The hosted-checkout provider runs a sandbox. Point the SDK at the dev environment (env: "dev") and use the provider's sandbox credentials (test card, verification PIN, and the documented triggers for complete / expired / cancelled / declined outcomes) — see your provider's own sandbox docs for the current values. No crypto moves in sandbox.

Because the provider's hosted page is a third party, driving it from an automated test is brittle. For integration tests, use the non-production state override to push a session straight to a terminal state without completing the real checkout:

// Non-production only — the route is not registered in production.
await stridge.onramp.setSessionState(session.session_id, { state: "SESSION_COMPLETED" })
// or drive a failure:
await stridge.onramp.setSessionState(session.session_id, {
  state: "SESSION_FAILED",
  failure_code: "payment_declined",
})

This lets an SDK test exercise the full create → poll → terminal path deterministically.

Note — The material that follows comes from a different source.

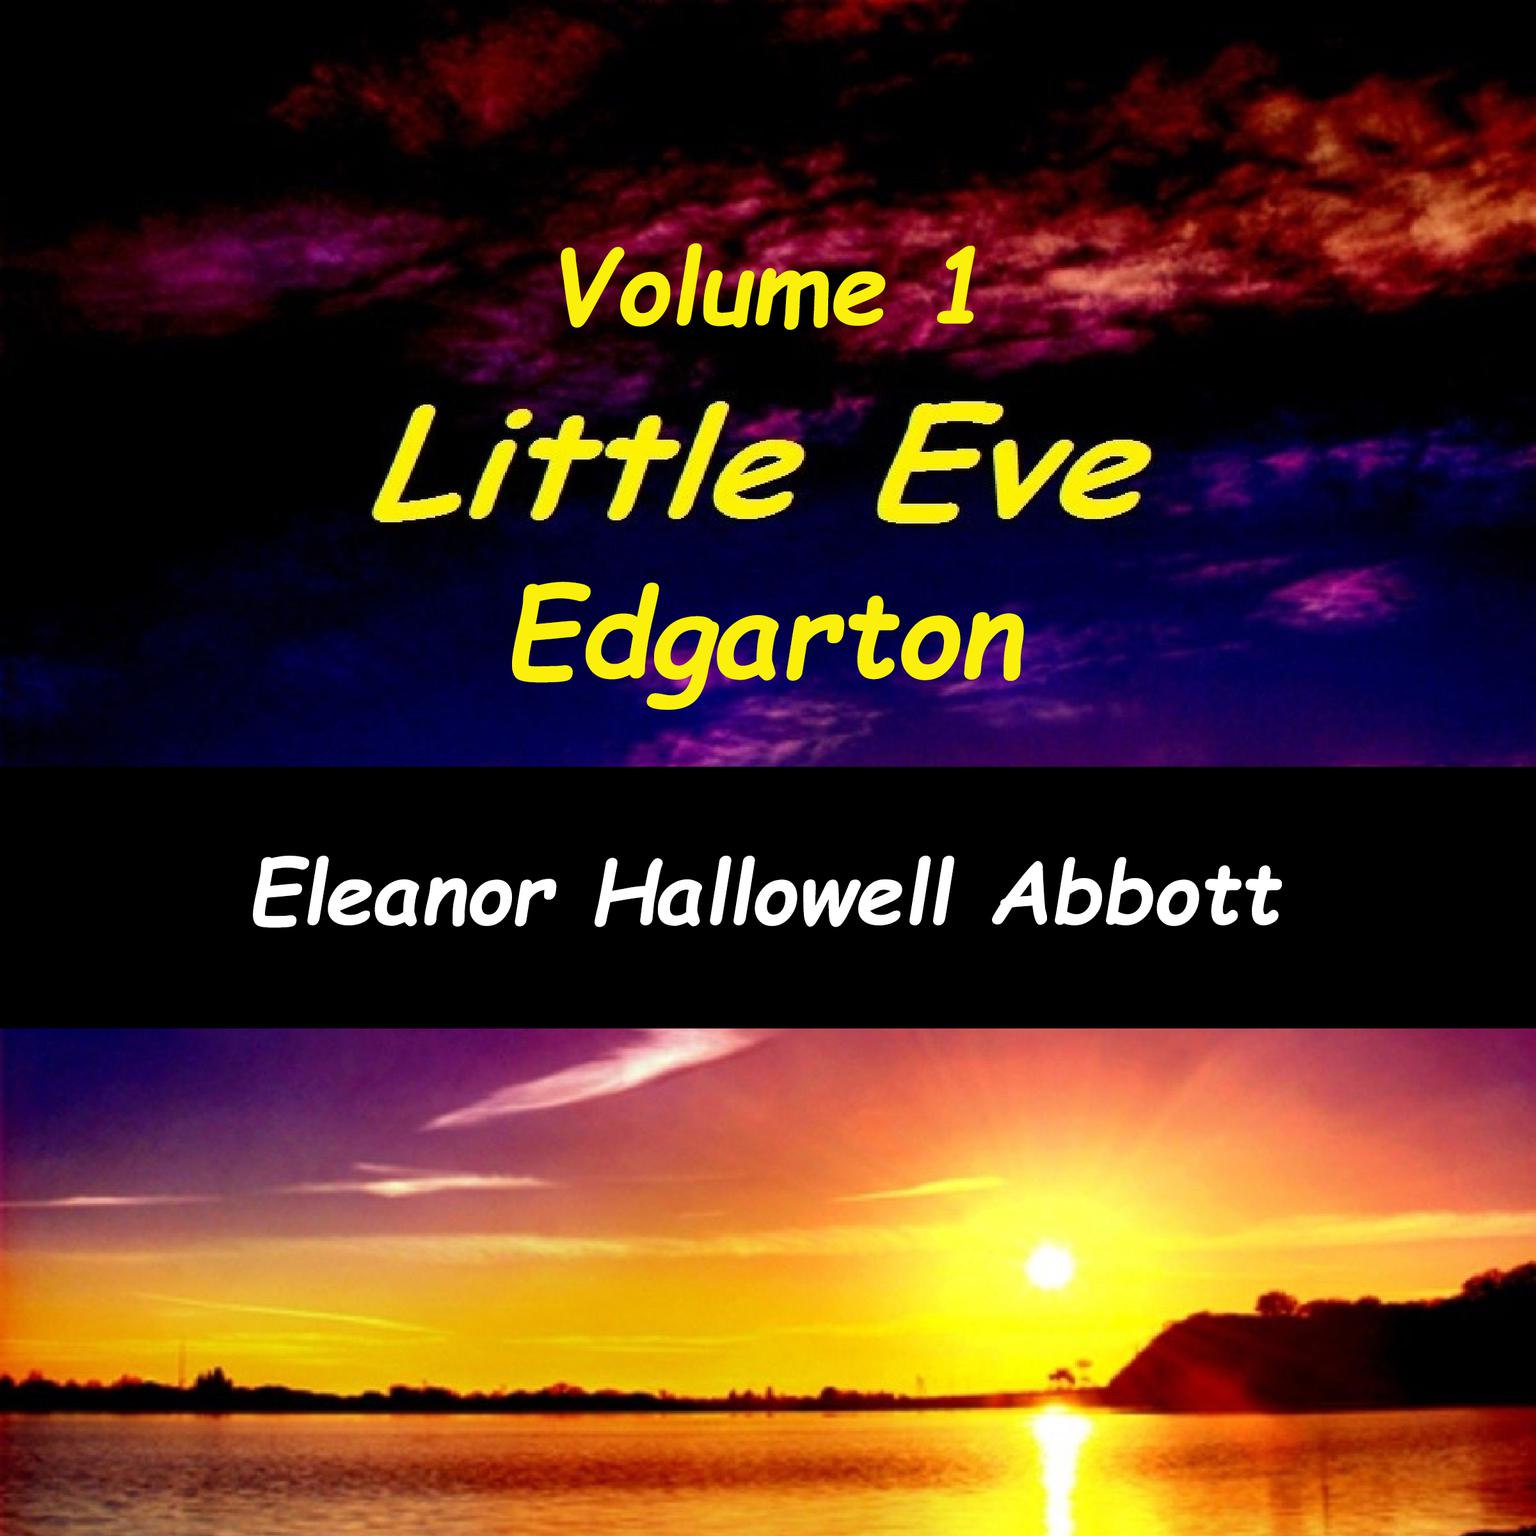 Little Eve Edgarton Volume 1 (Abridged) Audiobook, by Eleanor Hallowell Abbott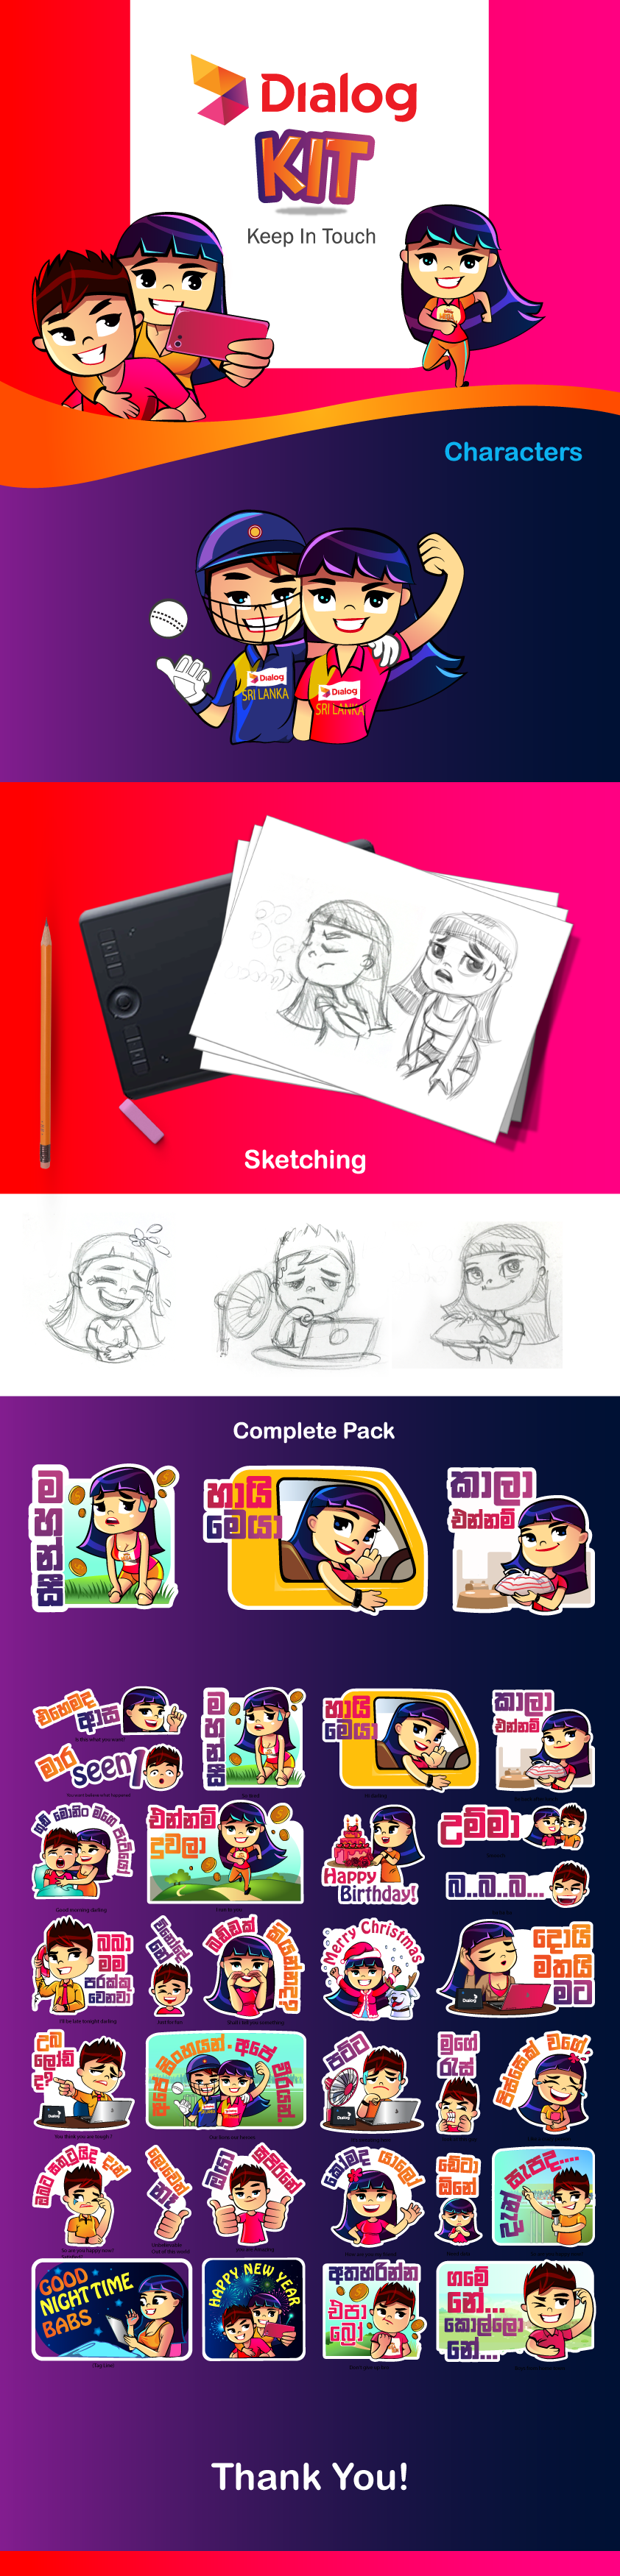 viber sitickers ILLUSTRATION  cartoon Drawing  graphic design  branding  Illustrator arts Sticker Design Sri lanka

Note the two legs: forcing SESSION_COMPLETED makes the session itself terminal, but the Kit shows its success screen only once the destination settlement lands — the Kit's mock driver auto-advances session → settling → settlement so the happy path still reaches success in a Kit test. The override is rejected in production, so it can never short-circuit a real purchase. See Onramp endpoints → setSessionState for the full contract.